On his 100th day in office, President Barack Obama started campaigning for re-election in 2012. He went to a small town in Missouri, a red state he didn’t carry last year, and boasted that “we’ve begun the work of remaking America.”
Indeed, he has begun to do exactly that with trillions of dollars turned over to the executive branch of government by the legislative branch. A few days later, the announced resignation of Supreme Court Justice David Souter gave Obama the additional power to use the judicial branch to remake America into Obama-nation.
When asked what sort of a justice he will be looking for to fill Souter’s seat, Obama replied that his major criterion will be the candidate’s “empathy” for the poor, the gays and other minorities. This embellished Obama’s previously proclaimed view of the judiciary’s mission: to engage in socio-economic redistribution rather than to enforce the U.S. Constitution as written.
Obama revealed his long-term goals for the judiciary in a radio interview on Chicago’s WBEZ-FM in 2001, when he complained that the very activist Earl Warren court had limited itself to changing some of our laws but had failed to order “redistributive change” of our economic system by breaking “free from the essential constraints that were placed by the Founding Fathers in the Constitution.” Students of the judiciary know that it was the Earl Warren court that started the long lines of activist decisions in many areas, including religion, elections, property rights, immigration and criminal law.
David Souter, who was President George H.W. Bush’s mistake, flipped from presumed conservative to liberal as soon as the media began ridiculing him for tardiness in completing opinions. The same month Souter voted for the only time with conservatives on the abortion issue, in Rust v.

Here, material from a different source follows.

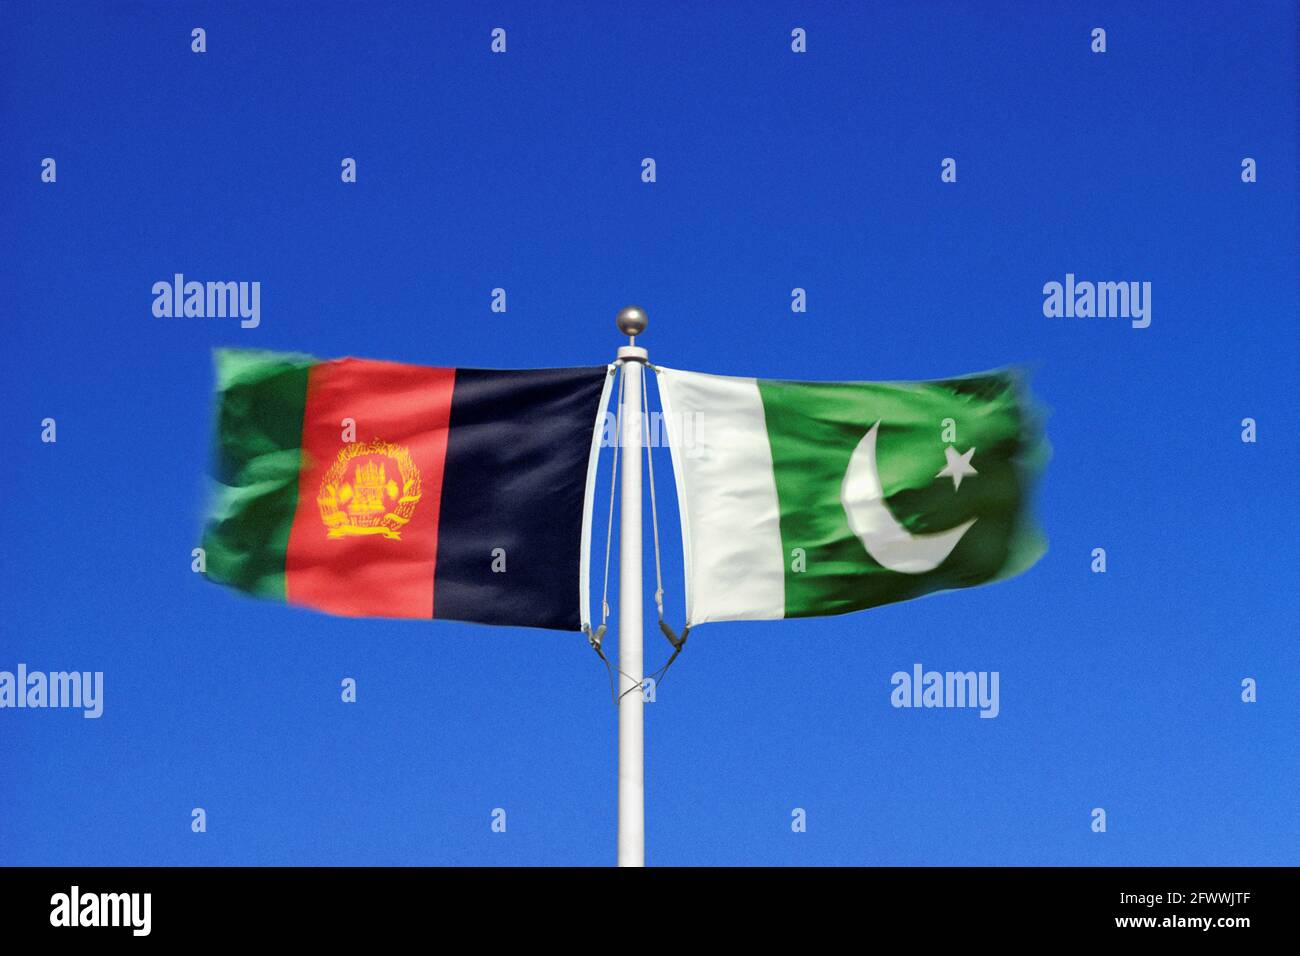 Die afghanischen und pakistanischen Flaggen winken in gegensätzlichen Winden an einem einzigen Fahnenmast Seite an Seite. Digitales Composite. Stockfoto

Sullivan (1991), Linda Greenhouse of the New York Times declared, “Lawyers who watch the Court closely have taken to referring to Justice Souter’s chambers as a black hole, from which nothing emerges.”
Then, in rapid-fire attack, ABC World News Tonight and even Souter’s close-to-home Boston Globe wrote scathing criticisms of Souter. They were angry that he voted against abortion, but their criticisms humiliated him for his slow writing abilities.
Souter got the message and rarely voted again with conservatives in high-profile cases. The liberal media, in gratitude, never criticized him again.
At the oral argument before the Supreme Court in the 2004 Pledge of Allegiance case, when plaintiff Michael Newdow was trying to get the Court to remove the words “under God,” Souter came up with the novel argument that “under God” doesn’t really mean under God. He suggested that the phrase is so “diluted” that it should be “beneath the constitutional radar.”
Under the radar is exactly where the secularists want to conceal all mention of God and religion.
Confirmation hearings should ascertain how much Souter’s successor will rely on foreign law. This has become a live issue because of recent remarks by Justice Ruth Bader Ginsburg.
For example, does Obama’s nominee agree with Souter, who joined in the Roper v. Simmons (2005) decision, in which the Court cited foreign laws, “international opinion” and even an unratified treaty to rationalize overturning the death penalty for a 17-year-old who had committed a particularly brutal and premeditated murder? This decision overturned more than 200 years of U.S. law and history, rewrote the Eighth Amendment and knocked out the laws of 20 states.
Since Obama calls himself a “citizen of the world,” he may agree with incorporating foreign law into Supreme Court decisions. He chose a committed globalist as his State Department legal adviser, former Yale Law School Dean Harold Koh.
Koh calls himself a transnationalist, which means believing that the “living” Constitution allows us to import the fiction of what is called international law into U.S. law, thereby putting the United States under a global legal system. The Senate should require all judicial nominees to proclaim their adherence to the U.S. Constitution as written and reject the use of any foreign laws.
We would also like to know if Obama’s Supreme Court nominee is cut from the same cloth as his first judicial nomination, David F. Hamilton. He’s a former fundraiser for ACORN and a former leader of the Indiana chapter of the ACLU.
Hamilton made national news in 2005 when, as district judge, he enjoined the speaker of Indiana’s House of Representatives from permitting “sectarian” prayers. In Hamilton’s ruling, using “Christ’s name or title” is “sectarian,” but it is not sectarian for a Muslim imam to offer a prayer to “Allah.”
The 7th Circuit overturned Hamilton’s peculiar parsing of the liberal dogma of separation of church and state. However, in seeking to elevate him to the 7th Circuit Court of Appeals, White House officials praised Hamilton as a judge who has shown “empathy with real people.”